On 13/07/07, Brent Meeker <[EMAIL PROTECTED]> wrote:

> > Brent, all that David is getting at is saying nothing "reflexively
> > exists" without being observed.
>
> Observed in what sense?  Consciously, by a conscious being?  Or decoherred 
> into a quasi-classical state, as in QM?  "Reflexive" would seem to imply it's 
> observed by itself.

No, it's not meant to imply that it's 'observed' by itself: rather
just that it *is* itself, which is what I think you meant by
'existence simpliciter'.  Another term might be instantiation.  In
qualifying existence by the term 'reflexive', my point was just that,
when we originally entertain the idea of something 'existing' or not,
we temporarily *abstract* a more tentative sense of 'existence' from
any possible instantiation.  The abstraction is then 'non-reflexive':
it no longer refers to itself, but rather putatively to a referent
from which it has (or could have) been abstracted.  The danger is that
such abstraction may be the very act that seems to rob it of something
that is in fact the brute characteristic of instantiation.

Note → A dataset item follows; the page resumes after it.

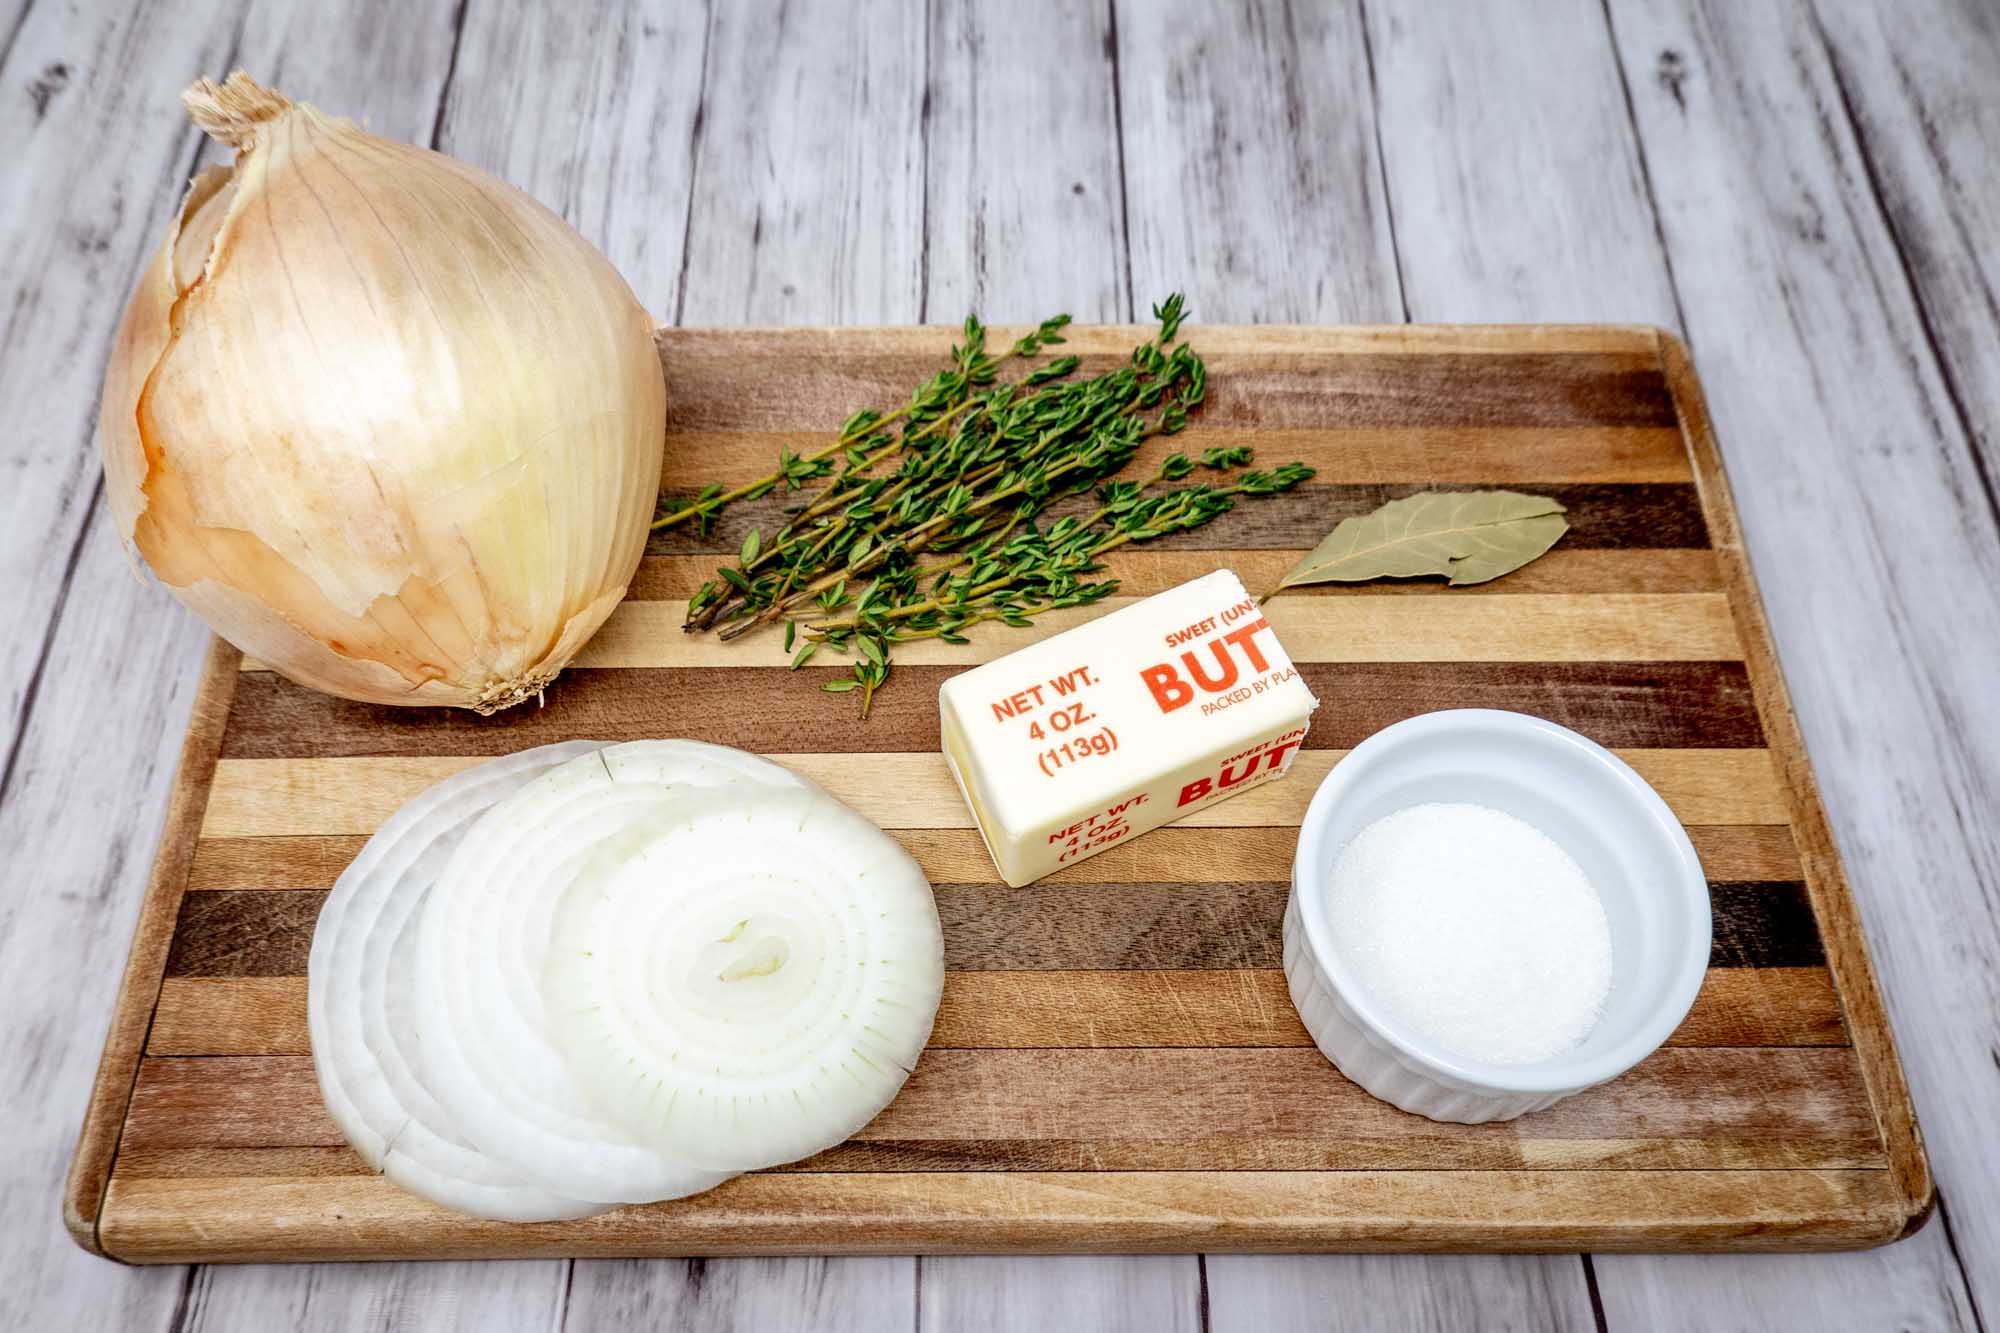 Onions, butter, thyme sprigs, sugar, and a bay leaf on a cutting board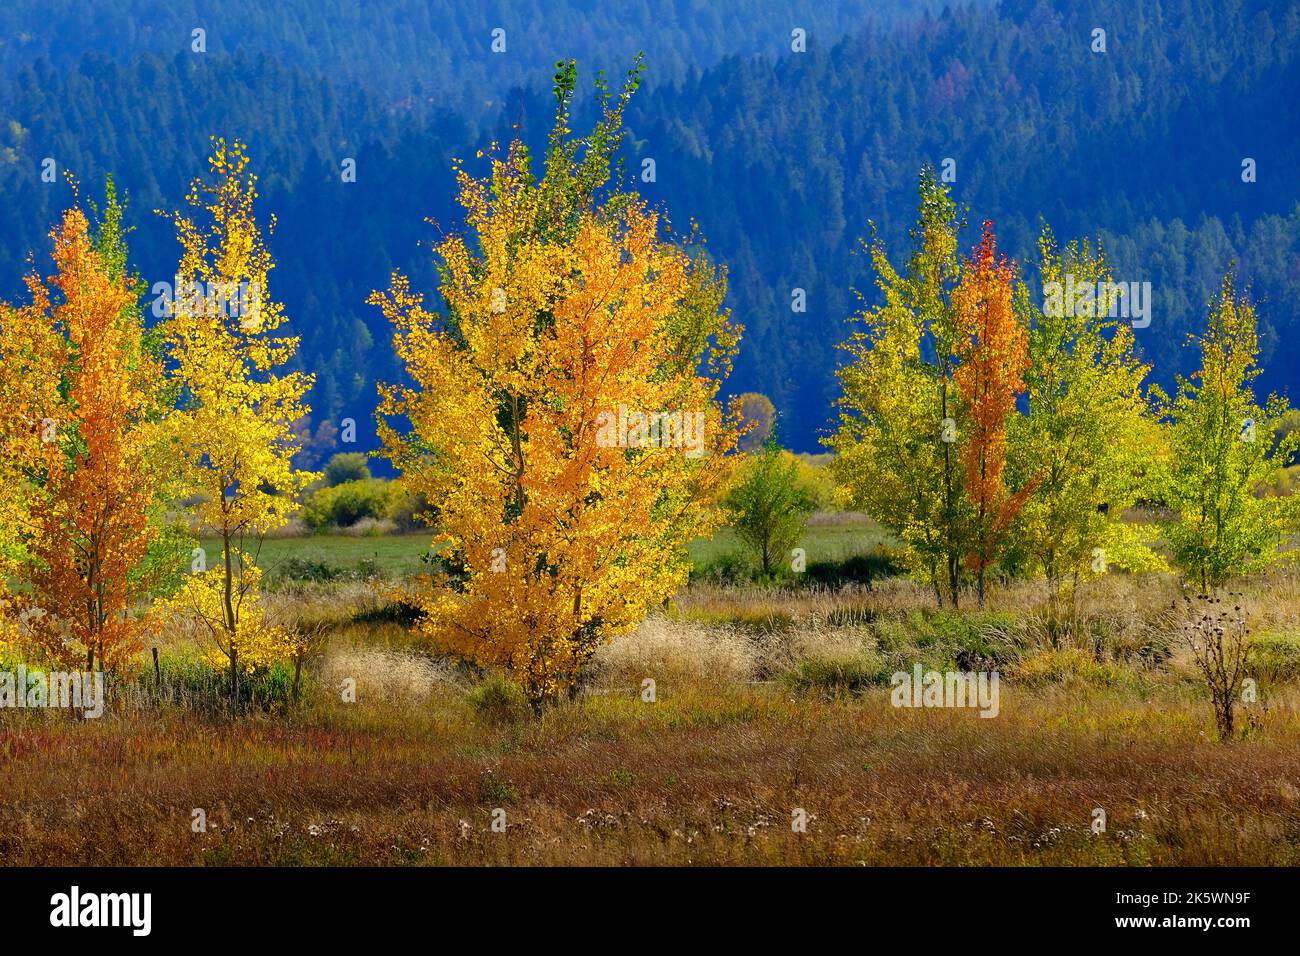 Berge Berghang Wildnis Wald Herbst Espen Birken weißen Stämme goldenen und grünen Farben Stockfoto

The argument from 'the One' is that its (and derivatively, any)
self-awareness and consciousness derive ultimately from brute, or
reflexive, self-access, and hence can't be understood independent of
such instantiation.  The 'deletion' of these aspects in the
specification Torgny makes for the B-Universe can then be seen as
precisely characteristic of the abstracted sense of 'existence' - i.e.
the free-standing (i.e. non-reflexive) idea - but as making no sense
in the context of reflexive instantiation.

This doesn't in itself constitute any argument for materialism,
because the 'instantiation' could be in terms of any 'possible' world
from the plenitude of such, all of which, in this formulation, derive
from the One.  But my point is that, if a 'world' is arbitrarily
specified as not possessing the brute 'reflexive' characteristic of
instantiation, then this may just be because such a 'world' is in fact
merely the kind of abstraction that is - by this very token -
incapable of such instantiation, and hence not 'possible' either.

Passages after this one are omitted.